In the randomised period of the pivotal study in PV patients, bleeding events (including intracranial and gastrointestinal, bruising and other bleeding events) were reported in 20% of patients treated with Ruxolitinib Phosphate and 15.3% patients receiving best available therapy. Bruising was reported in similar frequencies in Ruxolitinib Phosphate and BAT arms (10.9% versus 8.1%). No intracranial bleeding or gastrointestinal haemorrhage events were reported in patients receiving Ruxolitinib Phosphate. One patient treated with Ruxolitinib Phosphate experienced a grade 3 bleeding event (post-procedural bleeding); no grade 4 bleeding was reported. Other bleeding events (including events such as epistaxis, post-procedural haemorrhage, gingival bleeding) were reported in 11.8% of patients treated with Ruxolitinib Phosphate and 6.3% treated with best available therapy.
Infections: In the phase 3 pivotal studies in MF, grade 3 or 4 urinary tract infection was reported in 1.0% of patients, herpes zoster in 4.3% and tuberculosis in 1.0%. In phase 3 clinical studies sepsis was reported in 3.0% of patients.
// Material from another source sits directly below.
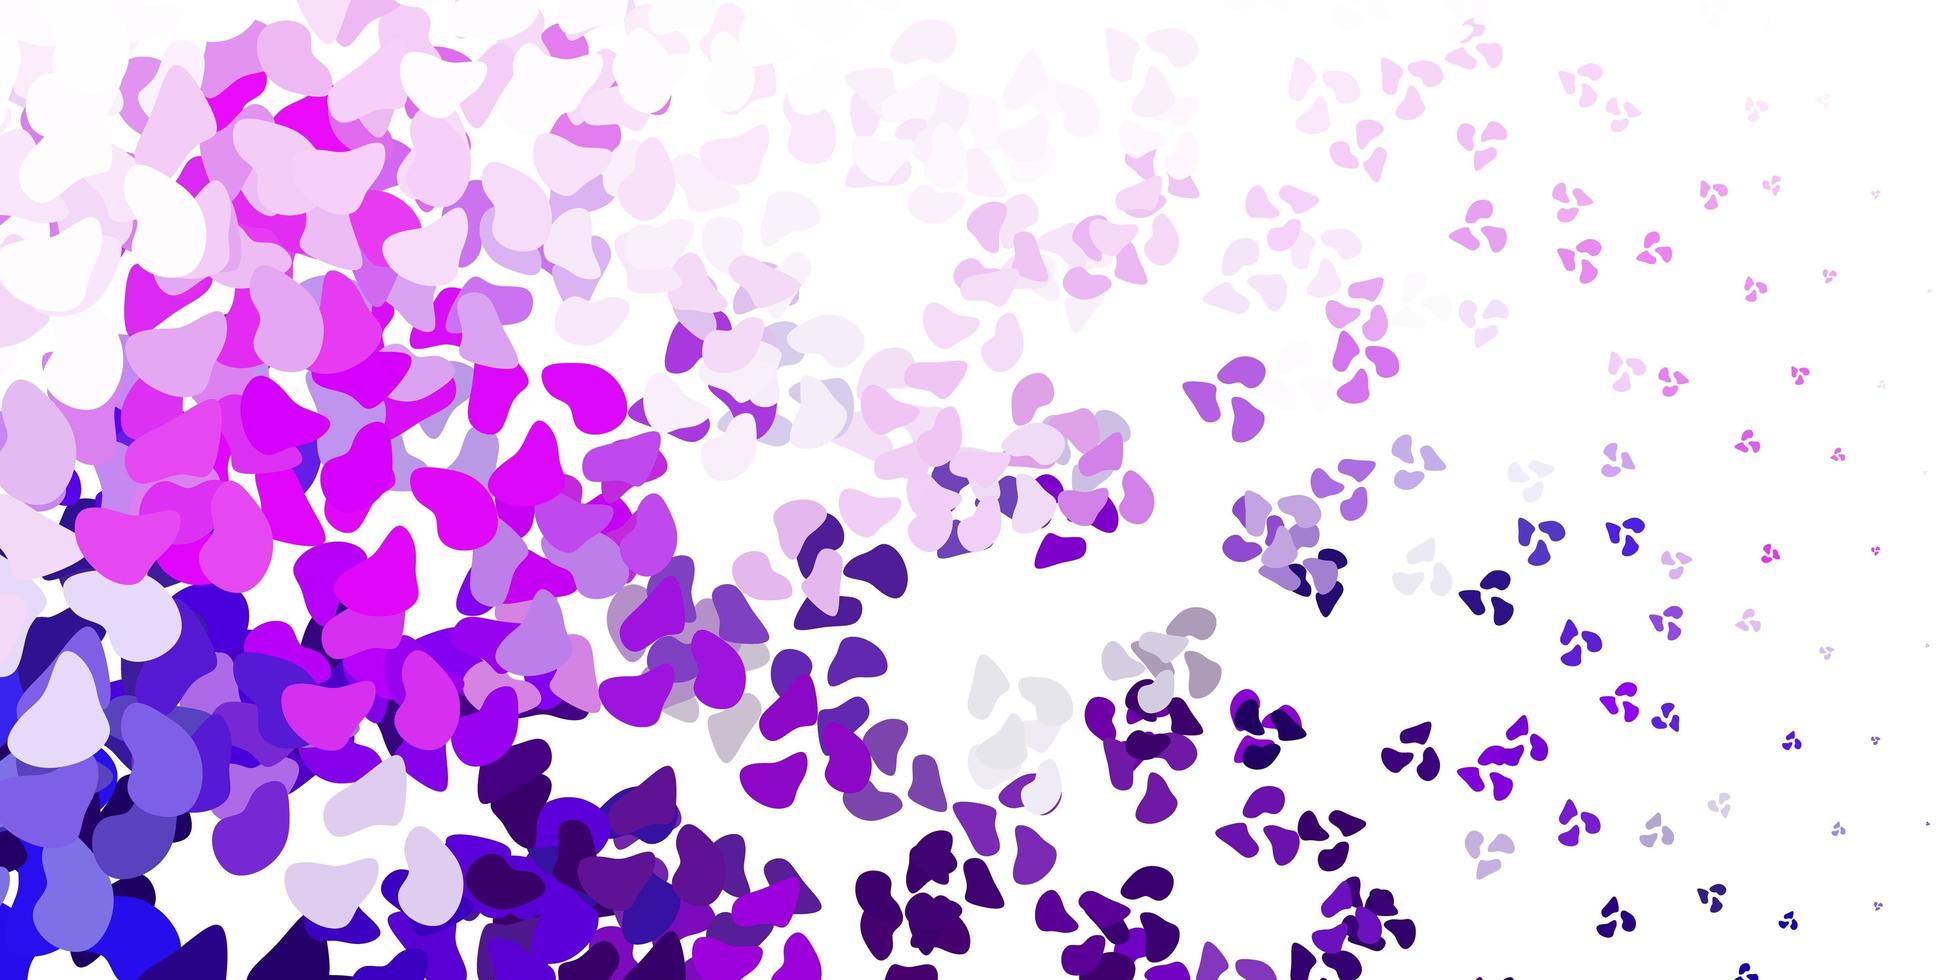 fond de vecteur violet clair avec des formes aléatoires

An extended follow-up of patients treated with Ruxolitinib Phosphate showed no trends towards an increase in the rate of sepsis over time.
In the randomised period of the pivotal study in PV patients, one (0.9%) CTCAE grade 3 and no grade 4 urinary tract infection was reported. The rate of herpes zoster was slightly higher in PV (6.4%) patients than in MF (4.0%) patients. There was one report of CTCAE grade 3 post-herpetic neuralgia amongst the PV patients.
Increased Systolic Blood Pressure: In the phase 3 pivotal clinical studies in MF an increase in systolic blood pressure of 20 mmHg or more from baseline was recorded in 31.5% of patients on at least one visit compared with 19.5% of the control-treated patients. In COMFORT-I (MF patients) the mean increase from baseline in systolic BP was 0-2 mmHg on Ruxolitinib Phosphate versus a decrease of 2-5 mmHg in the placebo arm. In COMFORT-II mean values showed little difference between the Ruxolitinib Phosphate-treated and the control-treated MF patients.
In the randomised period of the pivotal study in PV patients, the mean systolic blood pressure increased by 0.65 mmHg in the Ruxolitinib Phosphate arm versus a decrease of 2 mmHg in the BAT arm.
Reporting of Suspected Adverse Reactions: Reporting suspected adverse reactions after authorisation of the medicinal product is important. It allows continued monitoring of the benefit/risk balance of the medicinal product. Healthcare professionals are asked to report any suspected adverse reactions.